Les choses existent-elles en dehors de la perception qu'on en a ?
Quel est le bruit d'une branche qui se brise dans une forêt déserte ?
Dans la tradition du Vedânta, il y a deux grandes familles de réponse :
- l'objet existe d'abord, puis il est perçu (srishti-drishti). C'est le réalisme : la perception enregistre un objet réel, qui préexiste à la perception. C'est la vision commune.
- l'objet est perçu, mais c'est la perception qui fait exister l'objet (drishti-srishti). C'est l'idéalisme : la perception crée l'objet, "être, c'est être perçu". C'est une vision apparemment insolite. Pour bon nombre d'adeptes du Vedânta, elle est plus difficile à comprendre que la vision réaliste.
Toutefois, tous les philosophes du Vedânta admettent que seul l'absolu existe. Mais la question est de savoir qu'est-ce que le monde ? Et donc, qu'est-ce que l'ignorance qui est censée créer le monde ?
Pour les réalistes, l'ignorance est la matière. La connaissance ne peut vraiment supprimer la matière qui demeure même après l'éveil, la "réalisation du Soi" (mais le Vedânta n'emploie pas cette expression). Mais comment l'expliquer, alors que la connaissance est censée éliminer l'ignorance ? Le monde devrait disparaître.
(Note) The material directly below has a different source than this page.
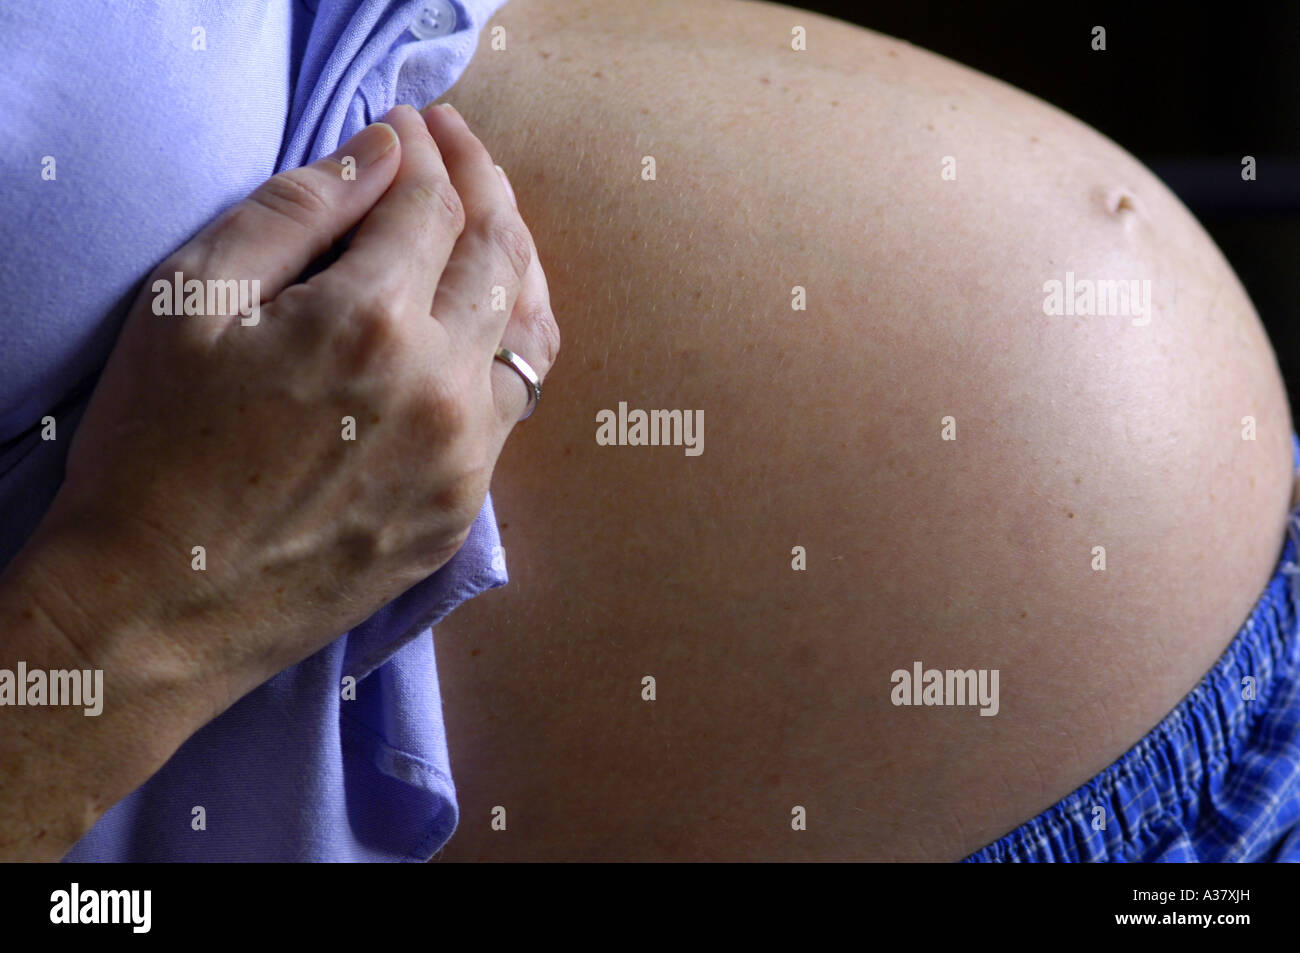 Grossesse enceinte femme bosse bébé ventre estomac naissance ...

Cette approche distingue trois niveaux de réalité : l'absolu, l'apparent (l'état de veille, en gros) et l'illusoire (rêve, hallucinations, etc.).
Pour les idéalistes, l'ignorance est un défaut dans la conscience, une sorte d'aveuglement. La connaissance peut donc, en quelque sorte, supprimer le monde. Mais alors comment expliquer que, de fait, le monde ne disparaisse pas ?
Cette approche ne retient que deux degrés de réalité : l'absolu et l'apparent. Il n'y a pas de différence entre un rêve et une perception.
Bref, aucune des deux positions n'est entièrement satisfaisante.
Dans le bouddhisme, on trouve une situation analogue :
- d'un côté, le réalisme de la philosophie Mâdhyamaka, proche du sens commun : existe ce qui est perçu par des organes en bon état.
- de l'autre, l'idéalisme de la philosophie Yogâcâra, plus proche de l'expérience yogique (d'où son nom) : existe ce que le sujet perçoit, comme dans un rêve.
On retrouve enfin les même alternatives, en gros, dans la tradition philosophique occidentale, comme dans le platonisme, principalement.
Ces analogies, ces problématiques universelles s'expliquent par la nature même de l'expérience. D'autre part, il est difficile de distinguer entre la conscience universelle et la conscience individuelle.
A mon sens, la philosophie de la Reconnaissance (le shivaïsme du Cachemire) offre une profonde solution à ce problème :
la conscience universelle se contracte, crée l'individu, lequel crée ensuite, à l'intérieur de cette première création, ses propres interprétations.
Tout est bien conscience, mais une forme de réalisme est préservée : ça n'est pas l'individu qui crée les choses directement selon ses désirs ou ses habitudes ; en même temps, tout est en effet créé par la conscience.
Ces questions ont des implications pratiques, bien évidemment. Si le Vedânta promet une chose mais qu'il se passe autre chose, il faut s'interroger. Quoi qu'il en soit, il est intéressant de voir ces alternatives qui témoignent de la richesse de la réflexion des hommes dans ces traditions millénaires.